Farmer v. First National Bank

Wood, J.,

(after stating the facts.) 1. The note in suit was a negotiable instrument. The general rule is that “it is essential to the negotiability of a note that it purport to be only for the payment of .money, for, if any other agreement of' a different character be engrafted upon it, it becomes a special contract clogged and involved with other matters and loses thereby-its character as a commercial instrument.” But the general rule is subject to the qualification that if the superadded agreement does not impair the certainty of the promise to pay the certain amount named but only facilitates the means of its collection, it does not in any degree destroy the negotiability of the instrument, but is embodied in the contract of all the parties, and passes as an incident of the paper itself to every holder.” 1 Daniel, Neg. Ins. 59, and cases cited in note.

“The point to determine is,” says Mr. Norton, “whether such agreement is a part of or necessary to the fulfillment of the promise or order. If it is not, it does not destroy the instrument’s negotiability.” Norton on Bills and Notes, p. 48. See Wise v. Charlton, 4 Ad. & E. 786, usually referred to as a leading authority. Here the recitals of the fact of the mortgage as a collateral to the note, and of the promise to have the property insured as an additional security, do not in any wise impair the obligation to pay the certain amount in money named. It does not tend to impede, but rather to facilitate, its collection. The promise to pay a certain sum of money at a certain time remains absolute. The collateral contract does not affect the principal obligation, except to aid in its fulfillment. The nóte therefore remains a “courier without luggage.” Arnold v. Rock River Valley Union R. Co., 5 Duer (N. Y.) 207; Towne v. Rice, 122 Mass. 67; Valley Bank v. Crowell, 148 Pa. St. 284.

The proof shows that the assignment of the note was in . consideration of the extension of the time of payment of an existing indebtedness of the payee to the appellee, which indebtedness exceeded in amount the note transferred. This constituted appellee a holder for value. Bank of Commerce v. Wright, 63 Ark. 604. Appellee being under the evidence an innocent holder of the note for value before maturity, the question as to whether or not P. B. Farmer, the payor of the note, had paid the same by a certain offset of account which he claimed against Grubbs, the payee, is eliminated.
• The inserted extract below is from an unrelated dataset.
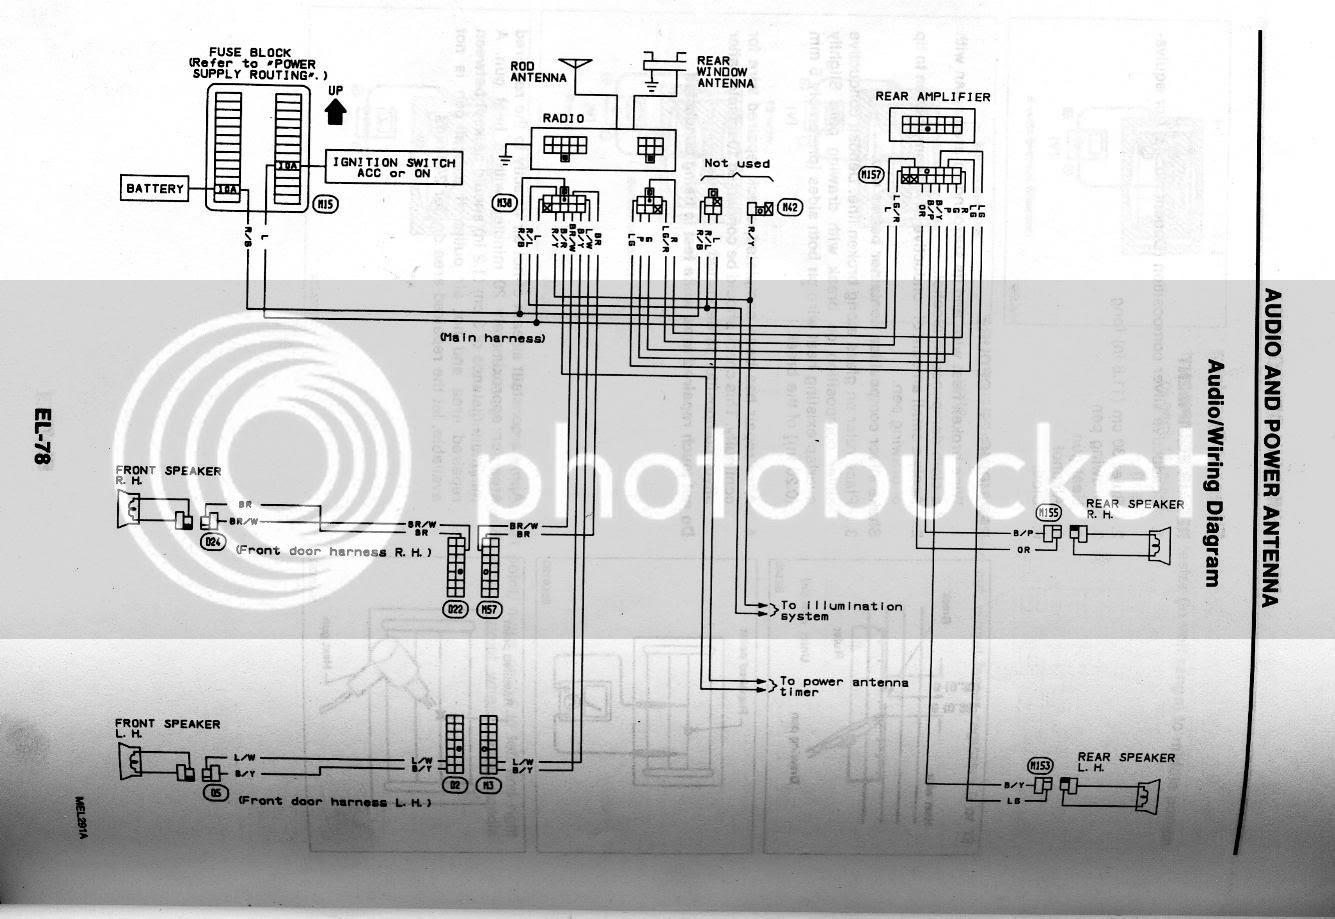 Diagram Superwinch 92 520000 Wiring Diagram Full Version Hd Quality Wiring Diagram Diagramink Karma Pa It

The court properly held that the question of account between the payor and payee under these circumstances was not before it.

2. The question as to whether the deed of trust from P. B. Farmer to his brother was for the sole purpose of defrauding appellee was one of fact. It could serve no useful purpose here to set out and discuss the evidence bearing upon this issue. We are of the opinion, after a careful consideration of it, that the conclusion of the chancellor was not clearly against the preponderance of the evidence. Letchworth v. Vaughan, 77 Ark. 305; Brown v. Wyandotte & S. E. Ry. Co., 68 Ark. 134; Mooney v. Tyler, 68 Ark. 314, and other cases cited in these.

Finding no error, the decree is in all things affirmed.